Exercise aim — Return the listing below unchanged, but without pictures.

Dataset excerpt —
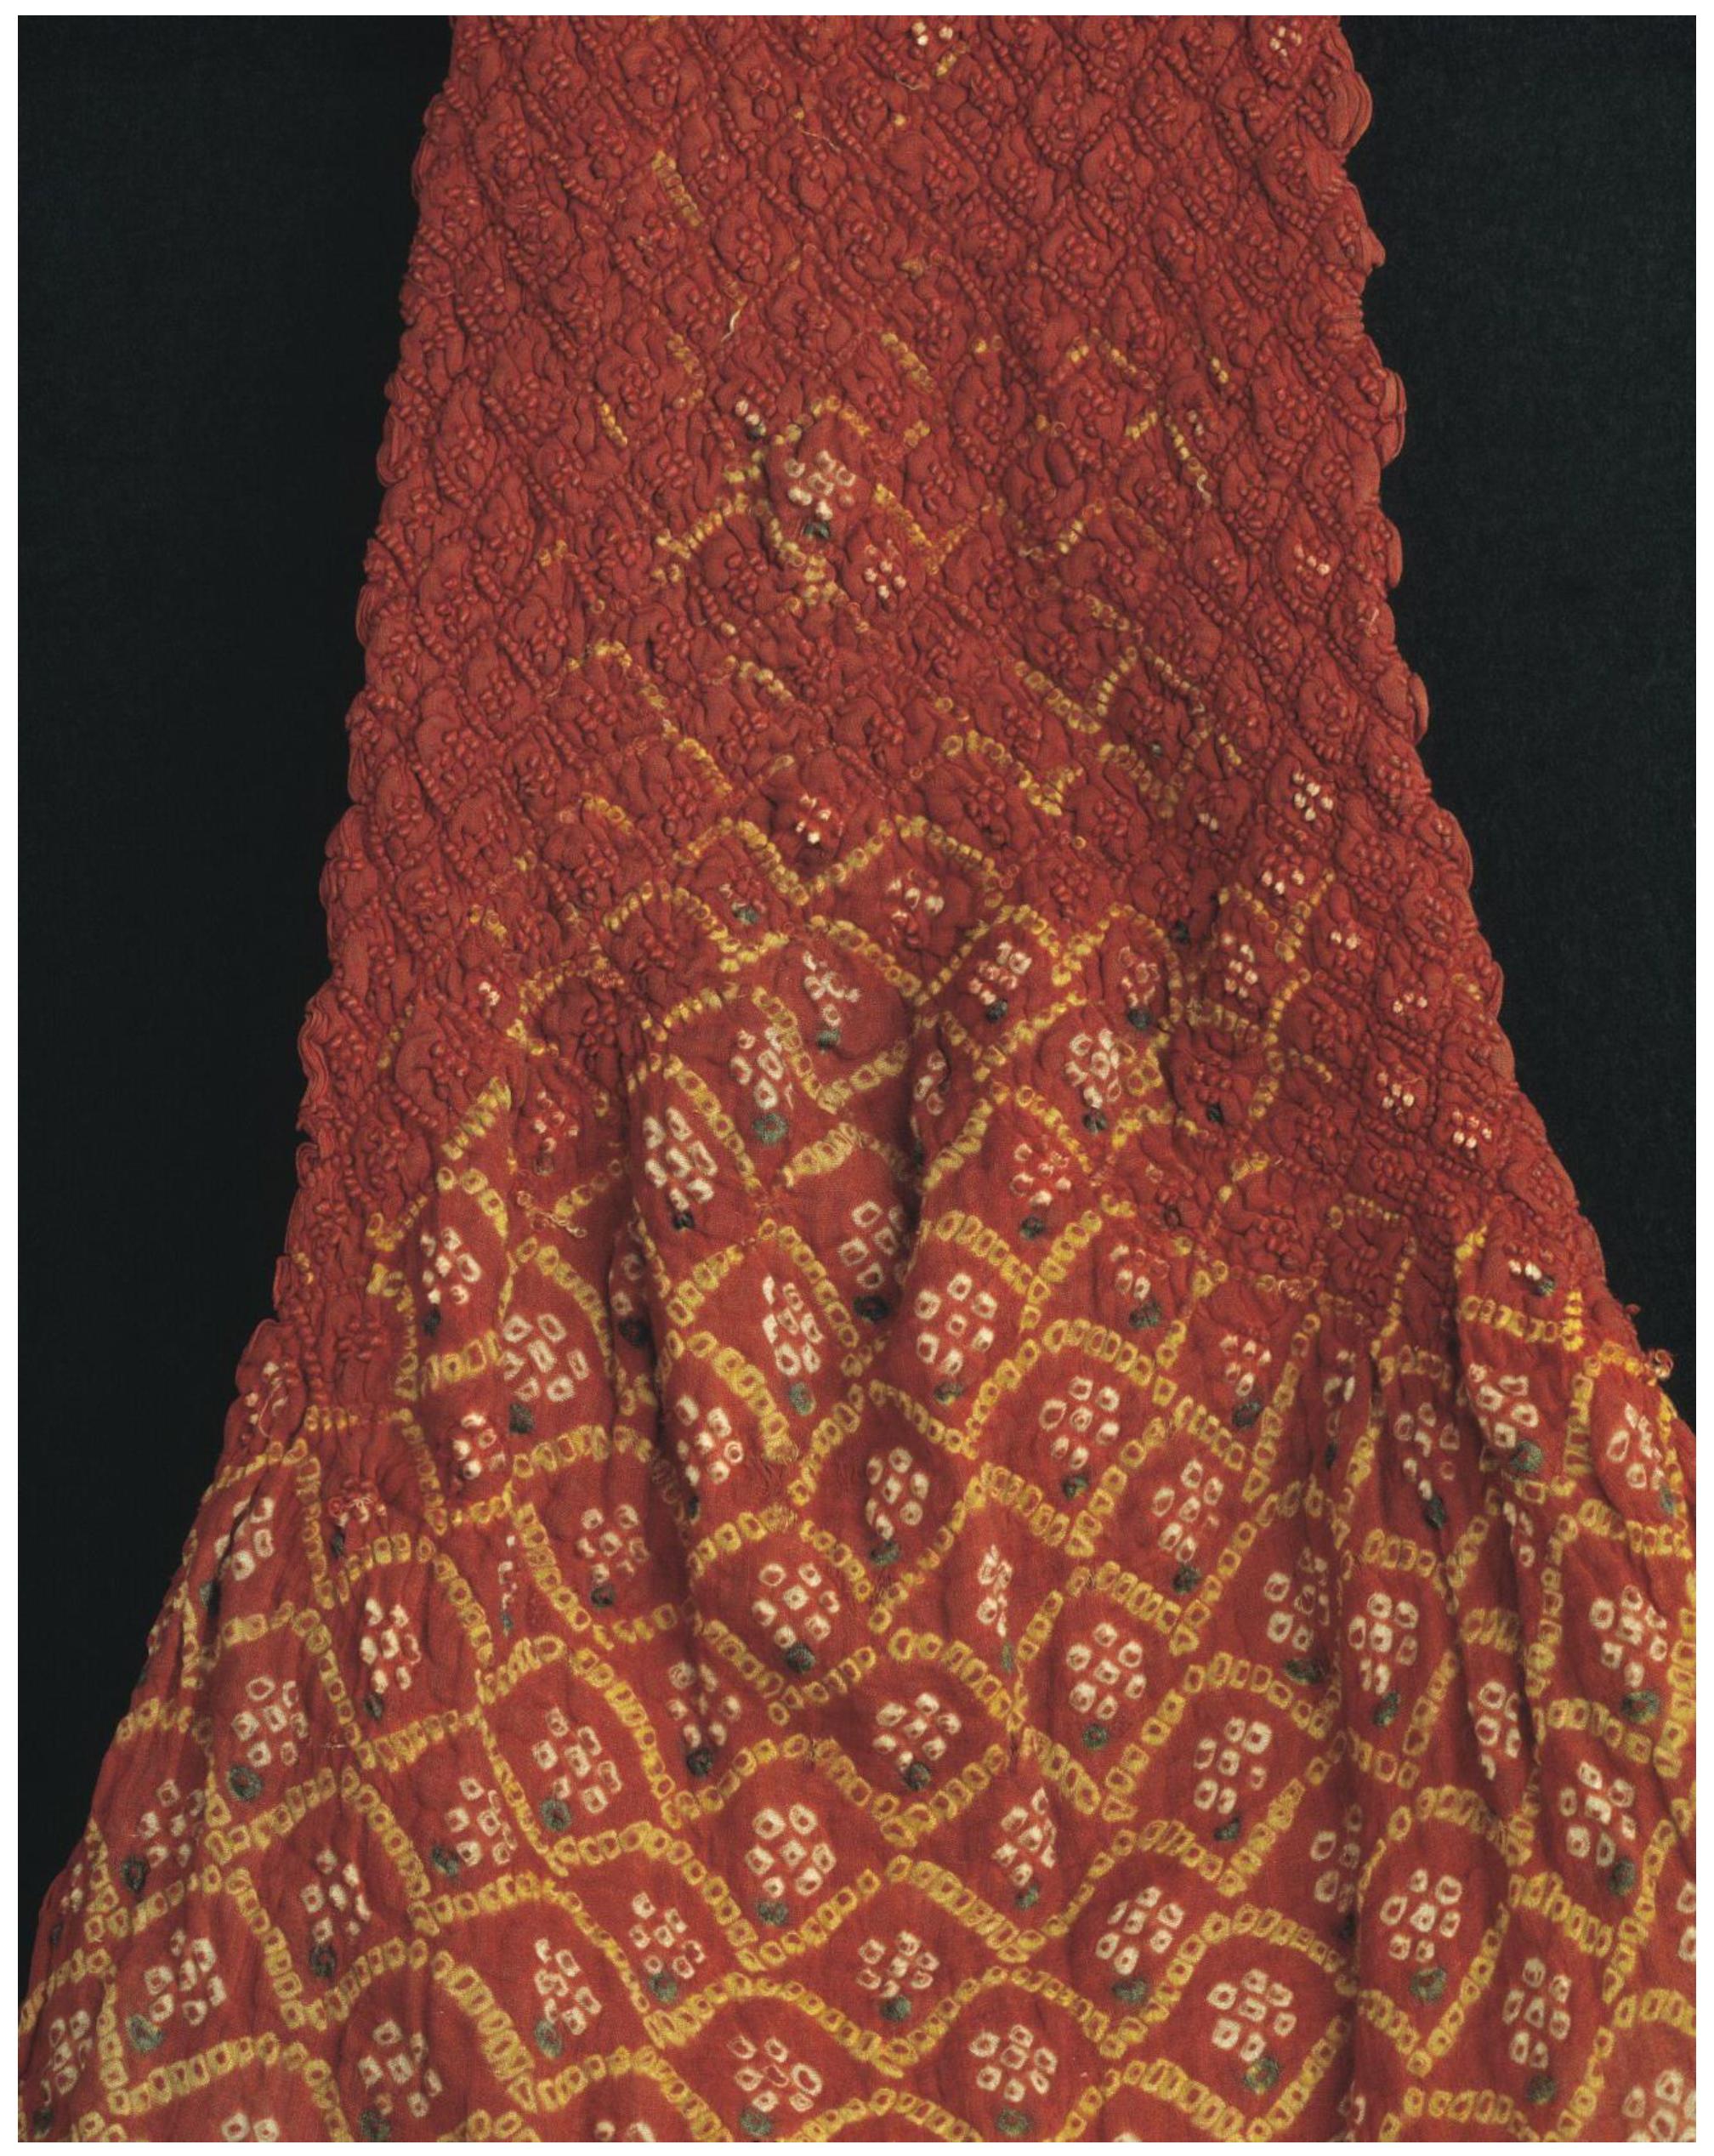 Religions | Free Full-Text | Dyeing the Springtime: The Art and Poetry of  Fleeting Textile Colors in Medieval and Early Modern South Asia
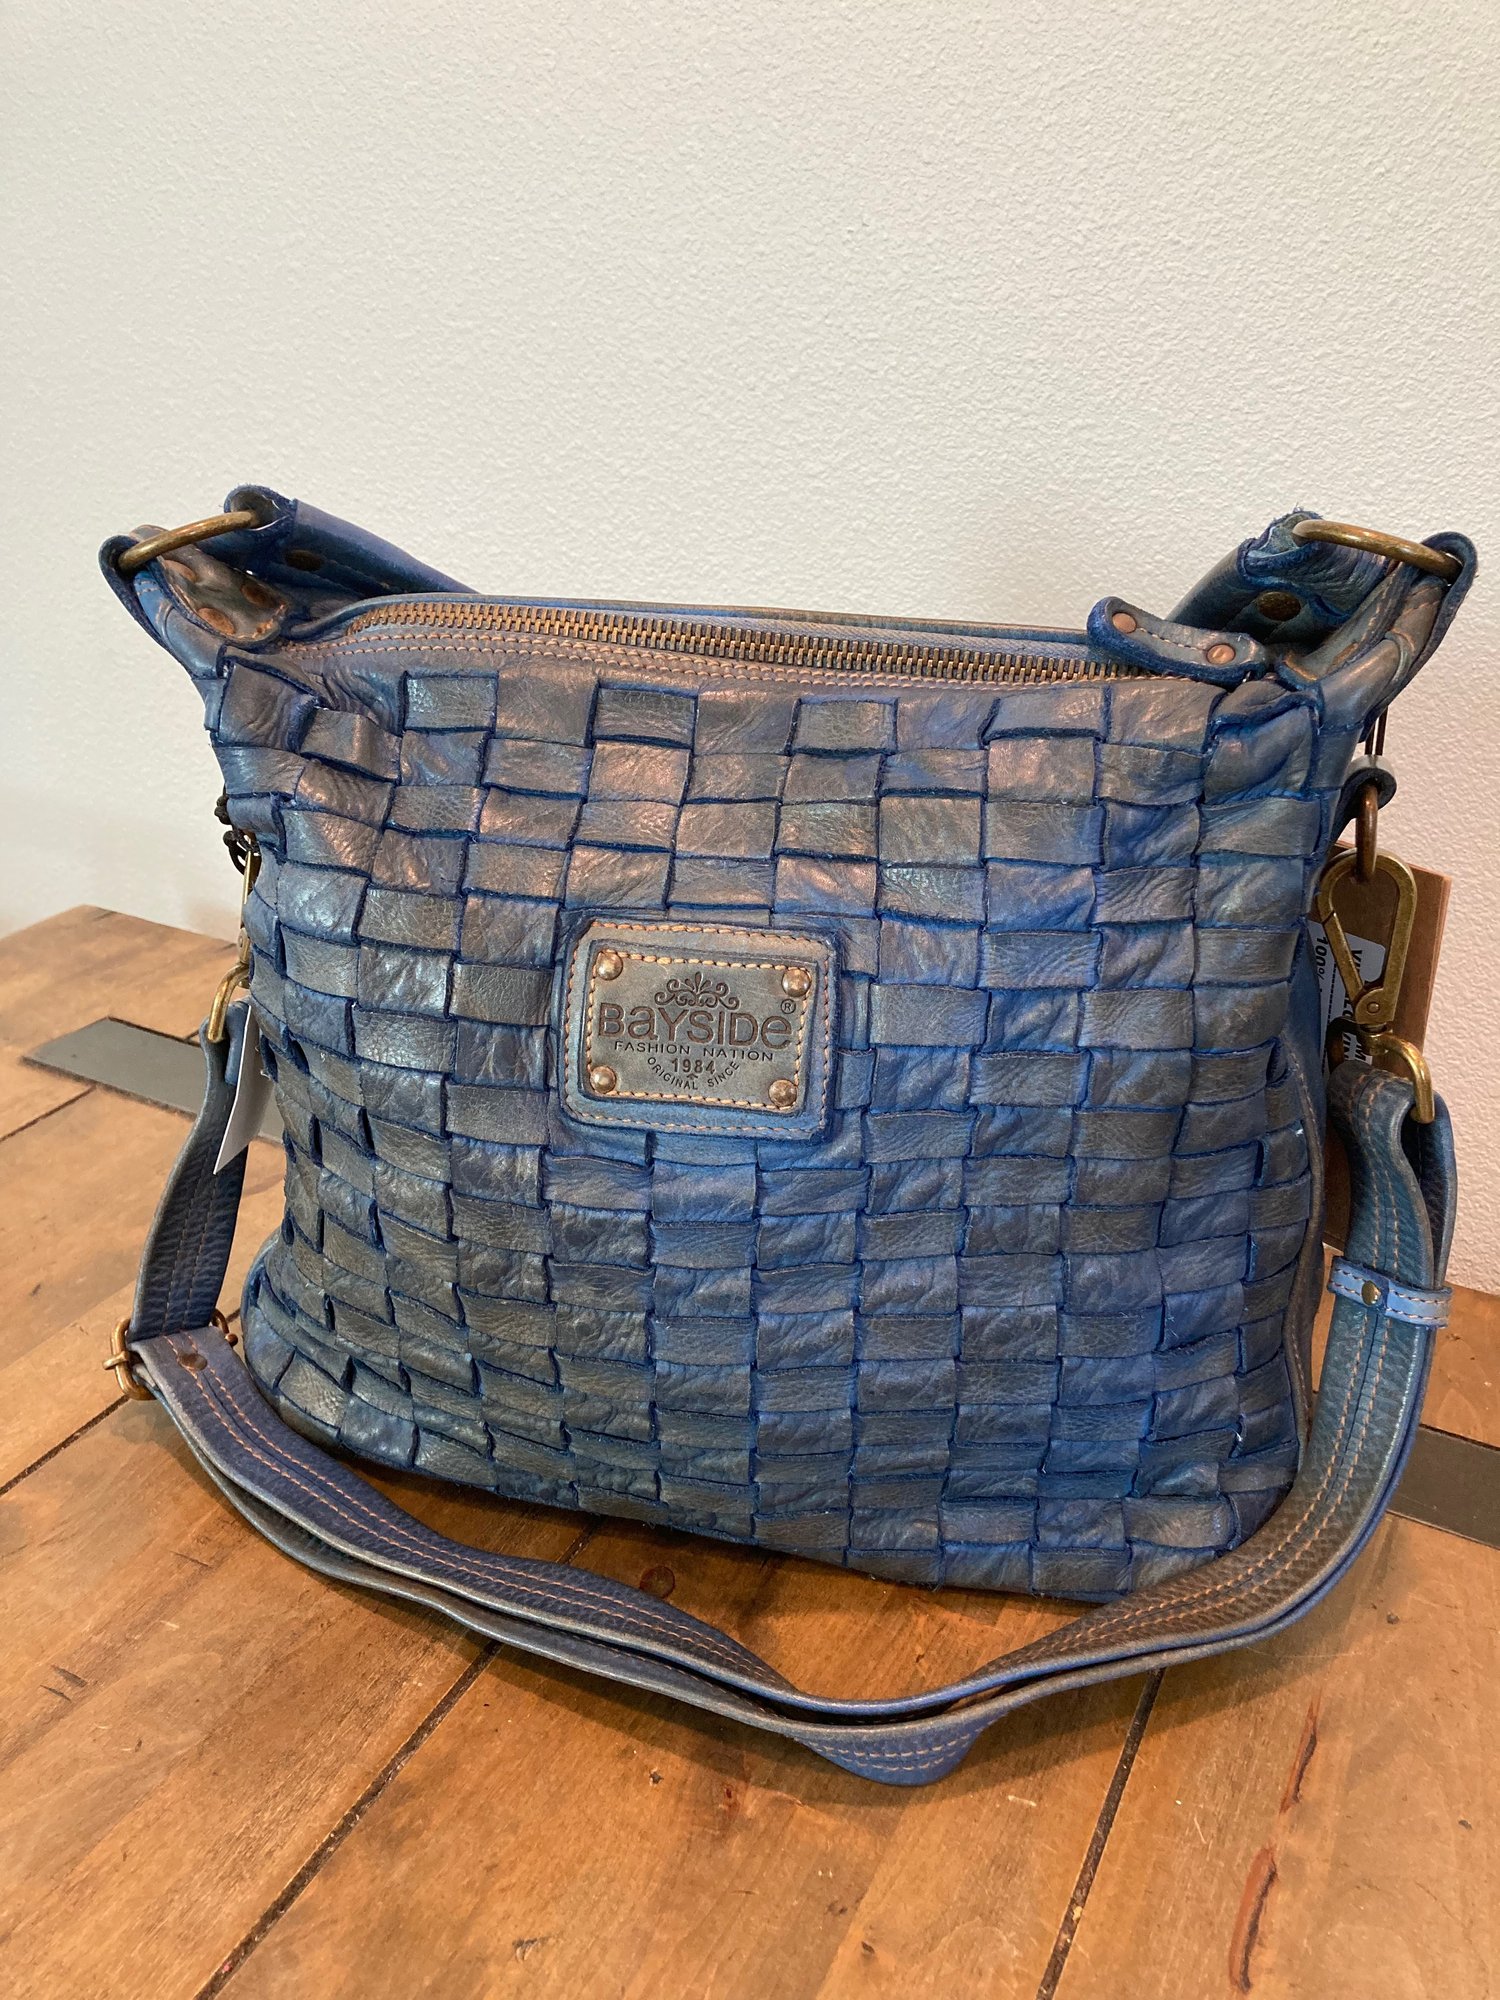 Elisabetta Bayside Distressed Woven Leather Bag in Blue — Live.Love.Handbags
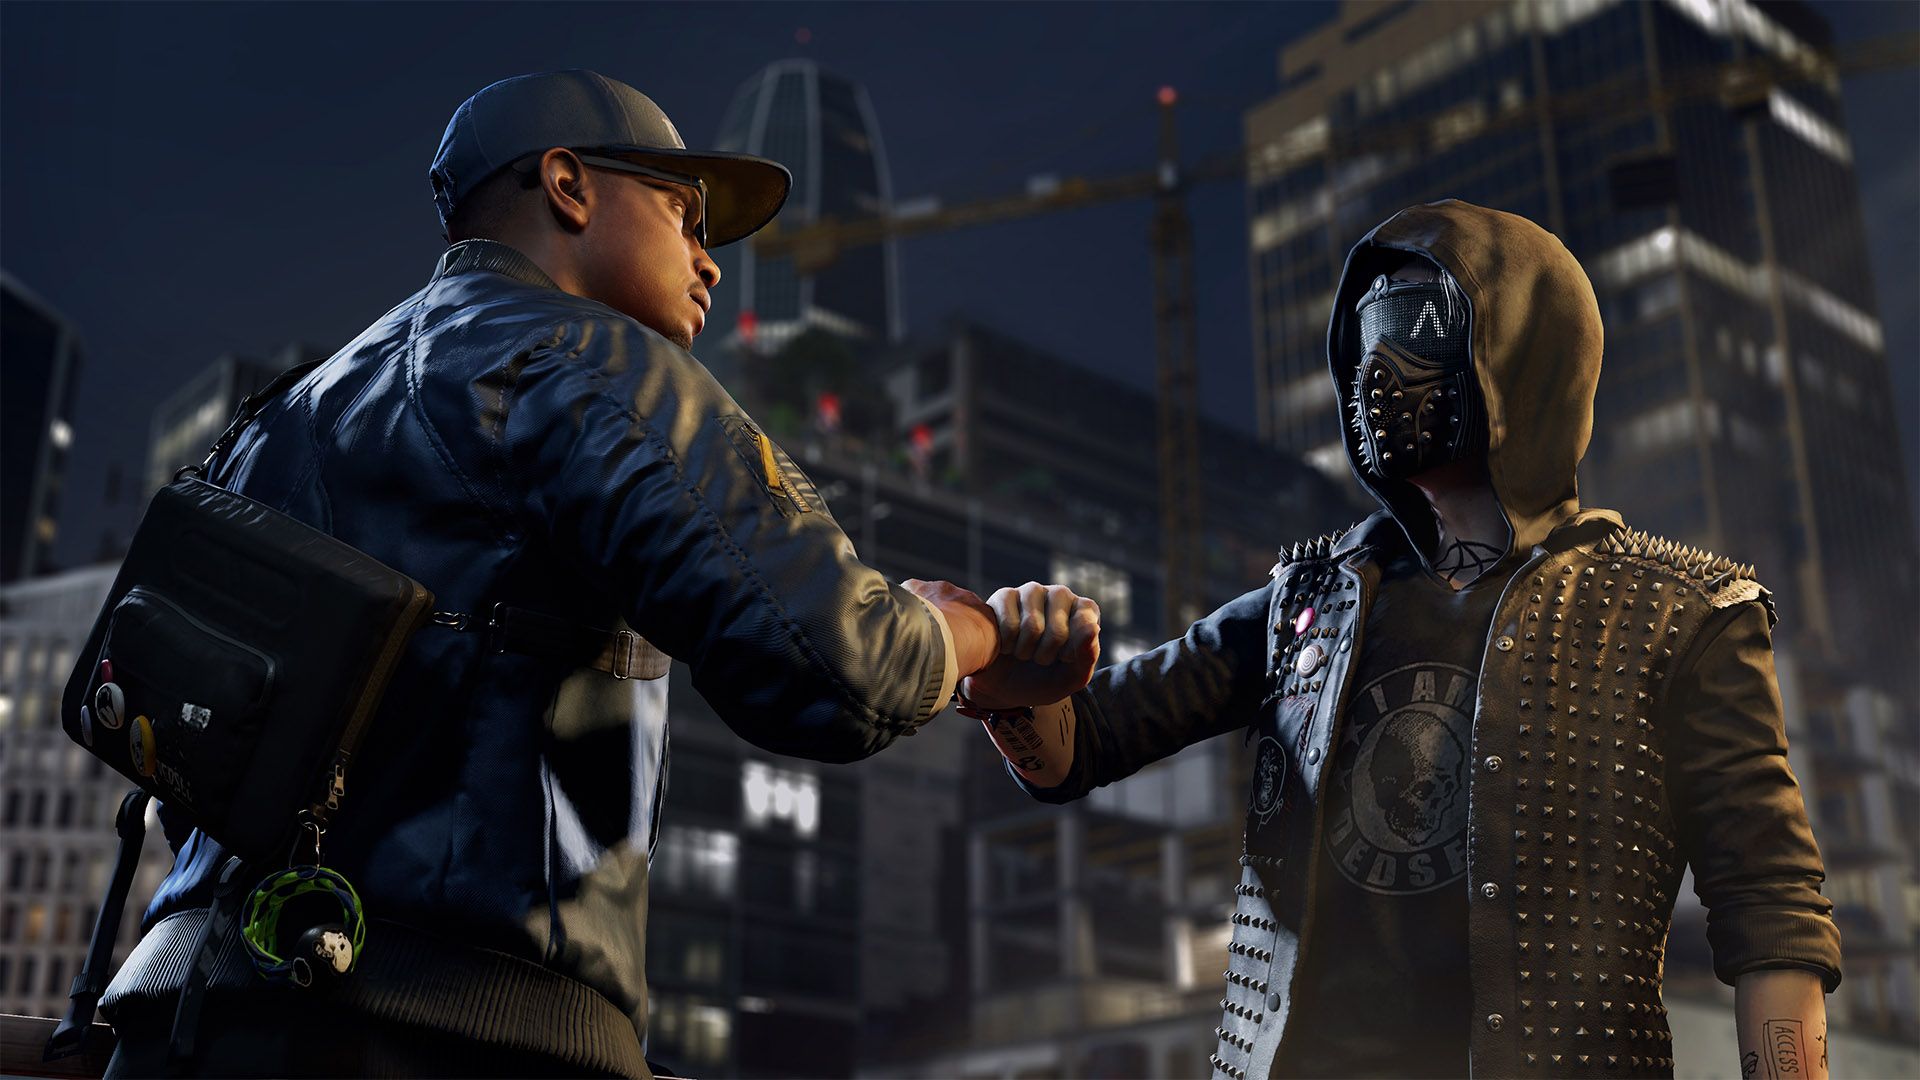 Watch Dogs 2 Uncensored licking cartoons

Output below —
 Religions | Free Full-Text | Dyeing the Springtime: The Art and Poetry of  Fleeting Textile Colors in Medieval and Early Modern South Asia
 Elisabetta Bayside Distressed Woven Leather Bag in Blue — Live.Love.Handbags
 Watch Dogs 2 Uncensored licking cartoons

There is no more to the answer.